To calculate the change in the total kinetic energy of the system during the collision, we need to find the initial kinetic energy and the final kinetic energy.
The initial kinetic energy of the system is given by:
KE_initial = (1/2) * m_A * v_Ai^2 + (1/2) * m_B * v_Bi^2
Substituting the values, we get:
KE_initial = (1/2) * 0.25 kg * (0.79 m/s)^2 + (1/2) * 0.35 kg * 0^2
Simplifying the equation:
KE_initial = (1/2) * 0.25 kg * (0.79 m/s)^2
KE_initial = 0.061425 J
The final kinetic energy of the system is given by:
KE_final = (1/2) * m_A * v_Af^2 + (1/2) * m_B * v_Bf^2
Substituting the values, we get:
KE_final = (1/2) * 0.25 kg * (-0.12 m/s)^2 + (1/2) * 0.35 kg * (0.65 m/s)^2
Simplifying the equation:
KE_final = (1/2) * 0.25 kg * (0.0144 m^2/s^2) + (1/2) * 0.35 kg * (0.4225 m^2/s^2)
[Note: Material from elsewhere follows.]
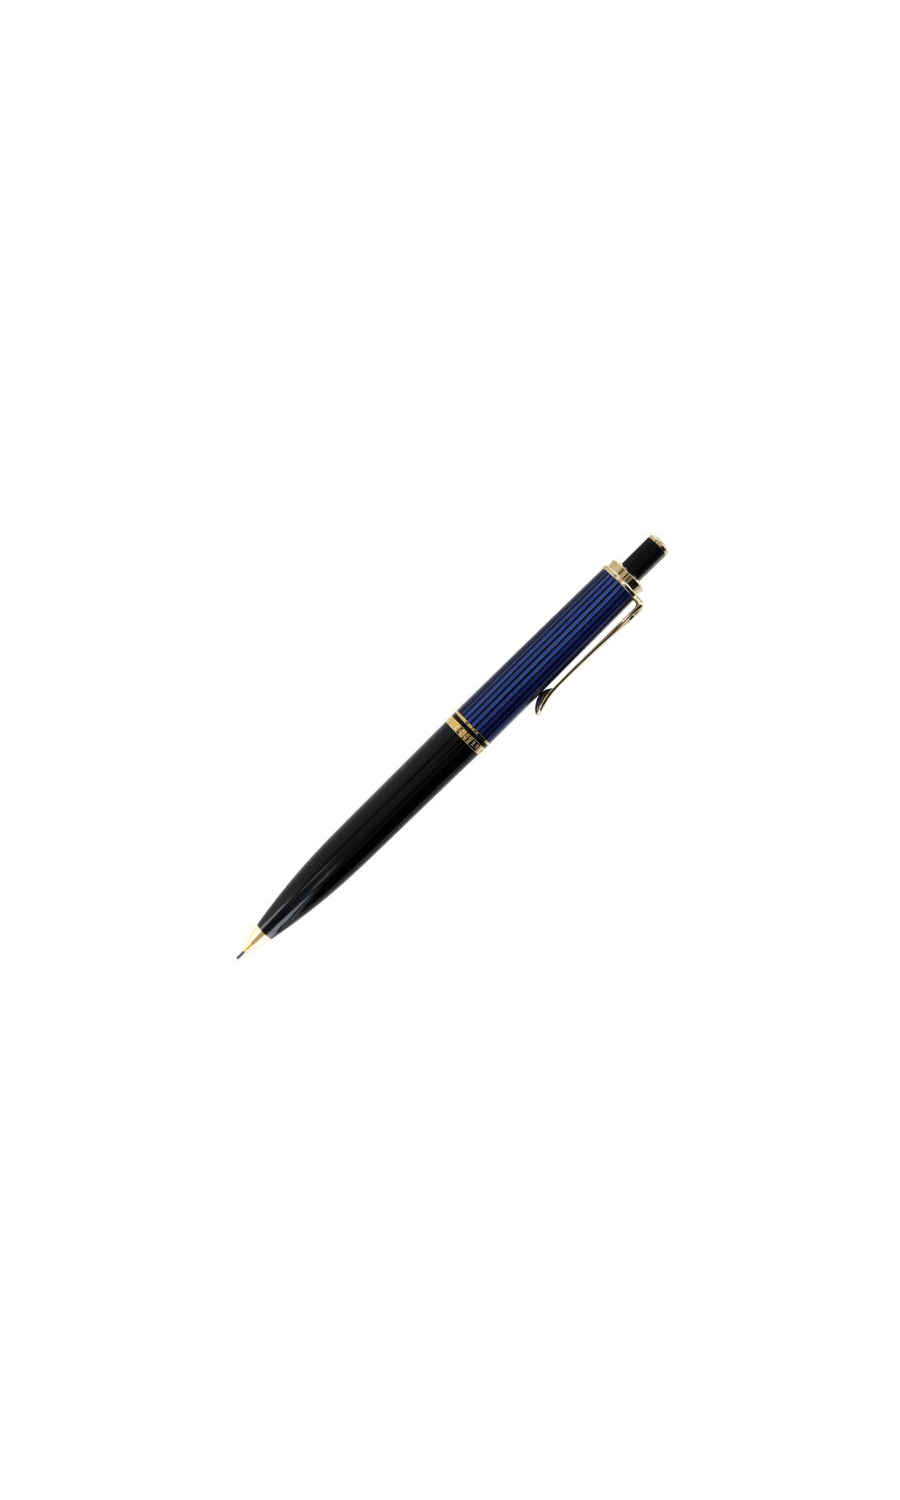 D400 Black/Blue Mechanical Pencil

KE_final = 0.0018 J + 0.0526125 J
KE_final = 0.0544125 J
The change in total kinetic energy during the collision is:
ΔKE = KE_final - KE_initial
ΔKE = 0.0544125 J - 0.061425 J
ΔKE = -0.0070125 J
Therefore, the change in the total kinetic energy of the system during the collision is -0.0070125 J (negative value implies a decrease in kinetic energy).
Given:
M1 = 0.25kg, V1 = ?.
M2 = 0.35 kg, V2 = 0.
V3 = -0.12 m/s = velocity of M1 after collision.
V4 = 0.65 m/s = velocity of M2 after collision.
Momentum before = Momentum after
a. M1*V1 + M2*V2 = M1*V3 + M2*V4.
0.25*V1 + 0.35*0 = 0.25*(-0.12) + 0.35*0.65,
0.25V1 = -0.03 + 0.228 - 0.35,
0.25V1 = -0.153,
V1 = -0.61 m/s = 0.61 m/s to the left.
b. Before collision:
KE = 0.5M1*V1^2 + 0.5M2*V2^2 = 0.5*0.25*(-0.61)^2 + 0 = 0.047 J.
After collision:
KE = 0.5M1*V3^2 + 0.5M2*V4^2.
KE = 0.5*0.25*(-0.12)^2 + 0.5*0.35*0.65^2 = ?
Change in KE = KE after - KE before.